Problem: In a graph a 3 colouring (if one exists) has the property that no two vertices joined by an edge have the same colour, and every vertex has one of three colours, R, B, G. Consider the graph below.
How can I show in any 3 colouring of this graph the opposite corners must have the same colour?
Where I am at: I can come up with several visual examples that conform to this criterion but I can not generalize across these examples.
On
Put red in the middle node. Then the center's four adjacent nodes are fully constrained (opposites green, other opposites blue). Now you're free to put either red or blue in the left-most. Here is red. Everything else is constrained fully:
Try a blue at the left-most instead and everything is constrained.
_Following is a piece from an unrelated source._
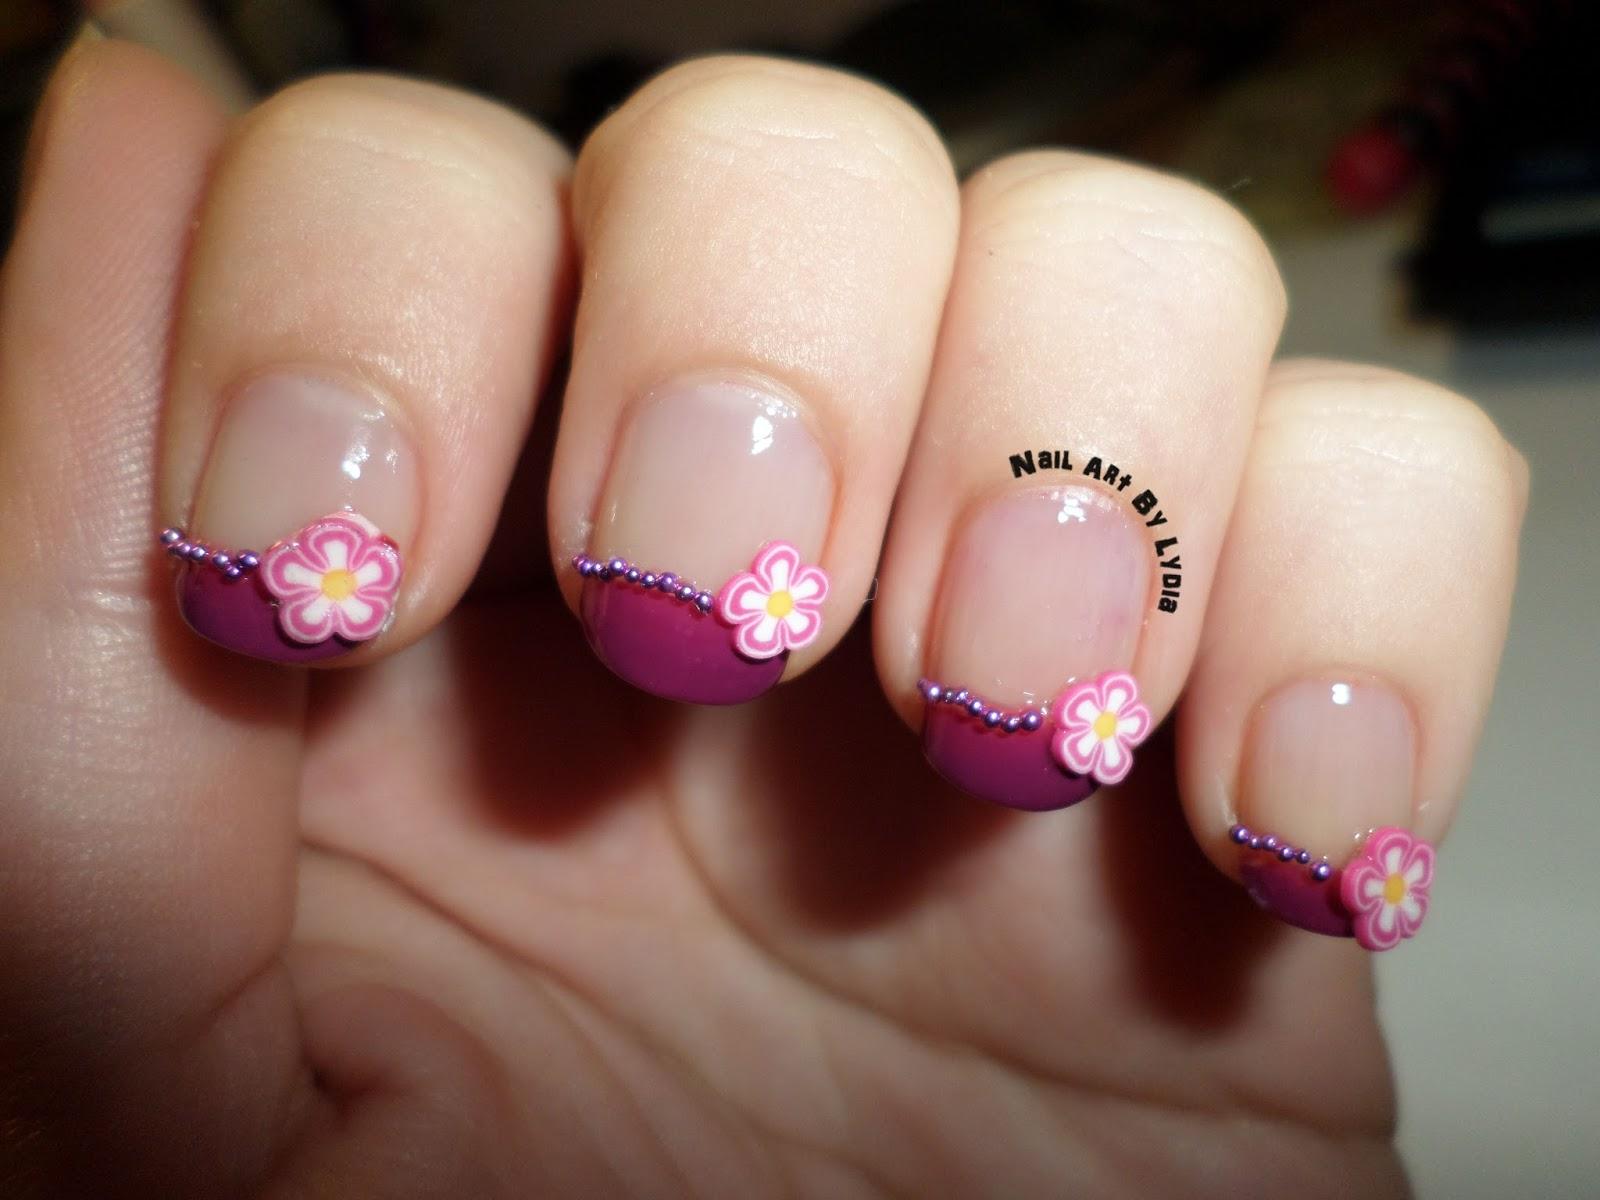 Nail art by lydia reto colores y t cnicas manicura - Manicura francesa colores ...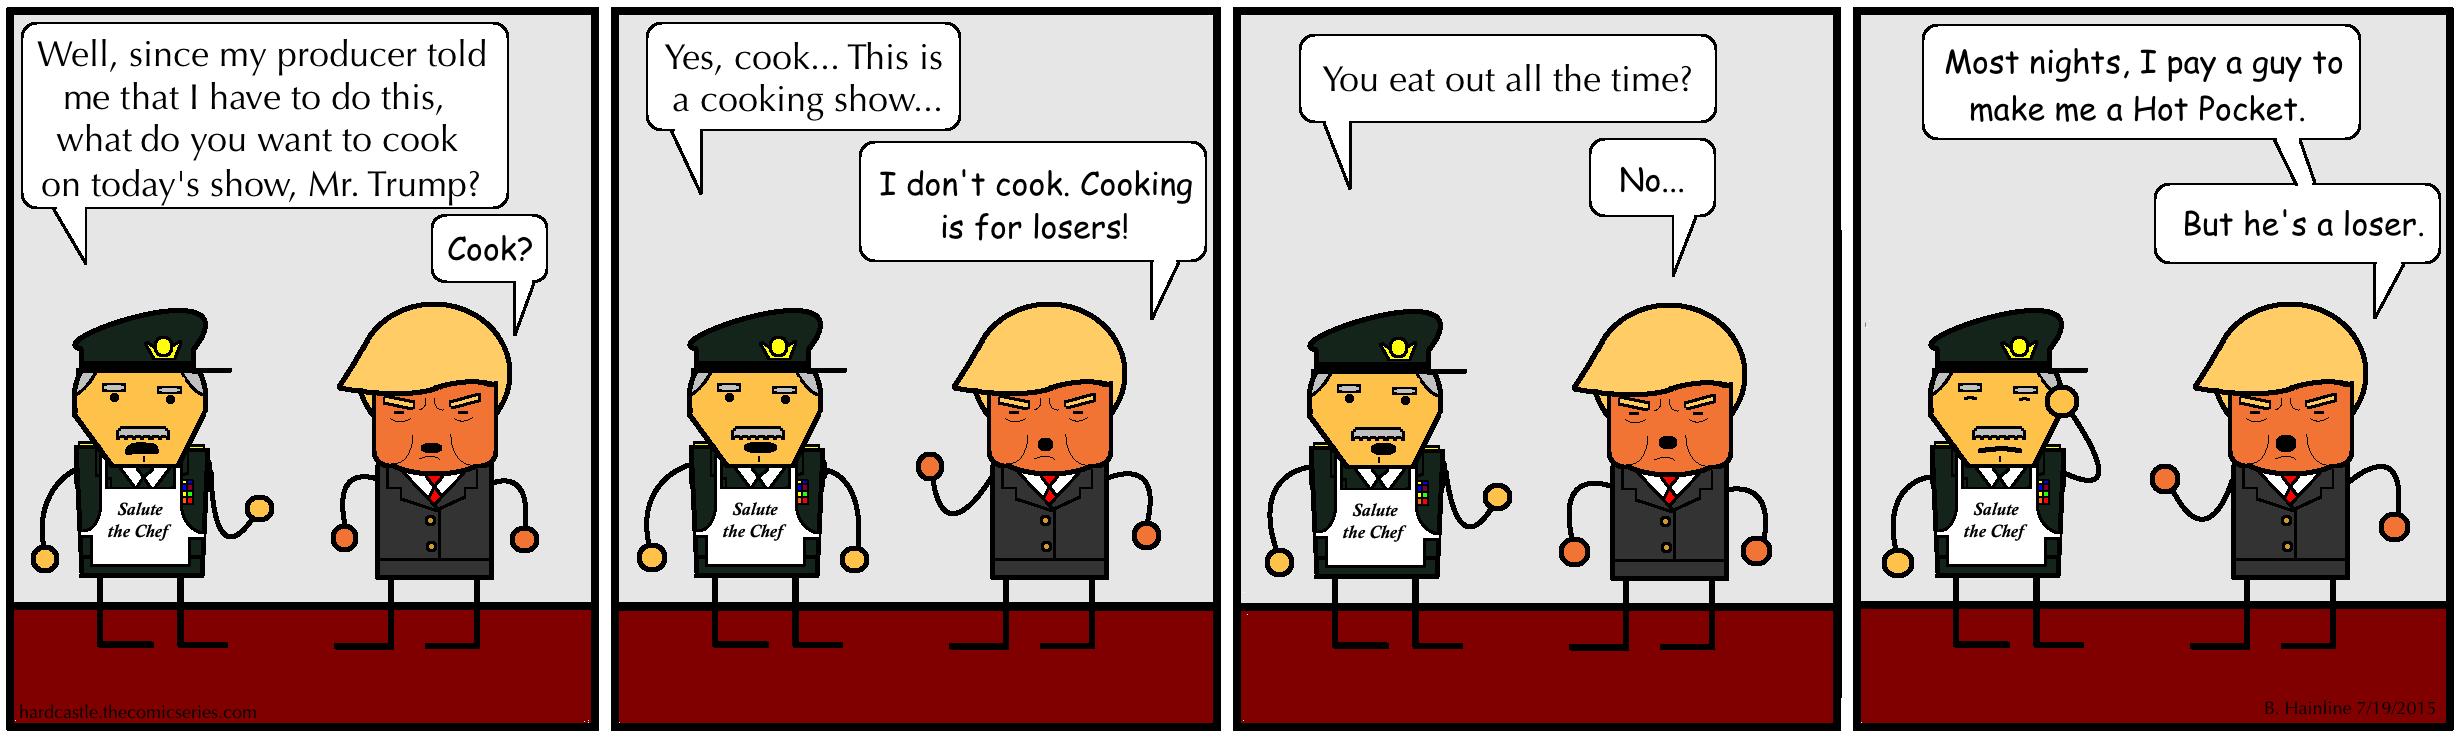 Cooking Alternative

Thus there are only two solutions (up to color-interchange symmetry).
Color the central vertex $(0, 0)$ in some specific color (let it be R)
Note, two opposite vertices, neighboring $(0,0)$ should have the same color, both right $(1, 0)$ and left $(-1, 0)$, and above $(0 ,1)$ with below $(0, -1)$. They share two common neighbors !
At this point you can pick one of the two colors for $(1, 1)$.
If color picked is the same as for $(0, 1)$ - go clock-wise and see, that colors are doomed (you end up with all of the corners with the same color).
Otherwise, go counter-clockwise and see colors also doomed, but now corners would have two colors.